Since the start of digitalization, many tools have come into being to deal with the challenges of unstructured data extraction. To save time, the unstructured data extraction via AI-enhanced data extraction tools like Nanonets is very reliable because it provides thorough and altogether relevant information for data. The relevancy of the data is very important because it is an important time-saving tool for the working staff and analysts. With these data strategies, one can easily interpret valuable information from the data.


Want to use robotic process automation? Check out Nanonets workflow-based document processing software. No code. No hassle platform.


How unstructured data extraction is useful?

It is a revolutionary time to make better business decisions. All these decisions are taken at their best and as digitalization is improving the world, business growth has become easier. Today, the unstructured data extraction procedure has made it easy to process different things. The time-saving, fast processing system is doing the best job when data is required.

The data evaluation becomes easier when the unstructured data extraction happens. Unstructured data is the rough material, from which valuable information is withdrawn and this information is stored in easy storage. The tabular form of data helps to get access to the unstructured data easier.

The query data is organized into a more useful form, the user-friendly data is organized and very well-formed. There is no ambiguity in the data and anyone can read the data easily. The process of extraction help to get the data procedure easily. Among many data extraction tools, all provide their valuable services and these reserves are used for the better working of the system and the better growth of the environment.
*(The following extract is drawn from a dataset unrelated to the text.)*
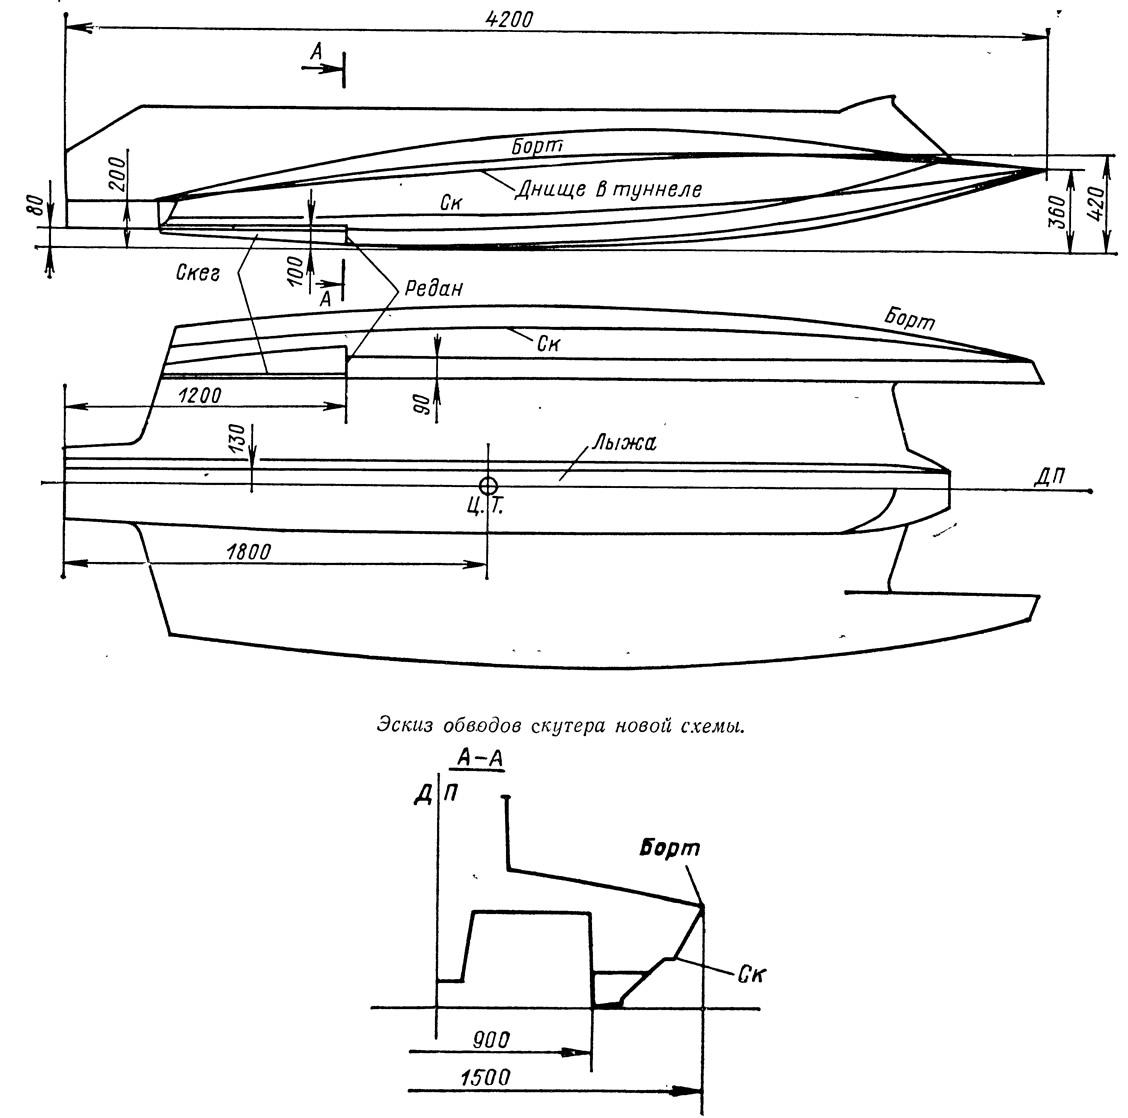 Эскиз обводов скутера новой схемы

The help of untrusted data in different industries:

Many industries cannot work accurately now if they do have how is unstructured data extraction used in different industries unstructured data extraction tool. All these tools help maintain the authenticity of the data. Banking is a famous industry that is using these data analysis tools for the better banking and growth of the business.

An unstructured data extraction is a valuable tool in scientific research and tools. All the tools that are used in scientific research shorten the data into a more precise form to get better use of it. the data can be extracted in the best possible way and whether this data is generated by human beings in this data is provided by the machines, the extraction is always helpful in providing valuable information regarding data.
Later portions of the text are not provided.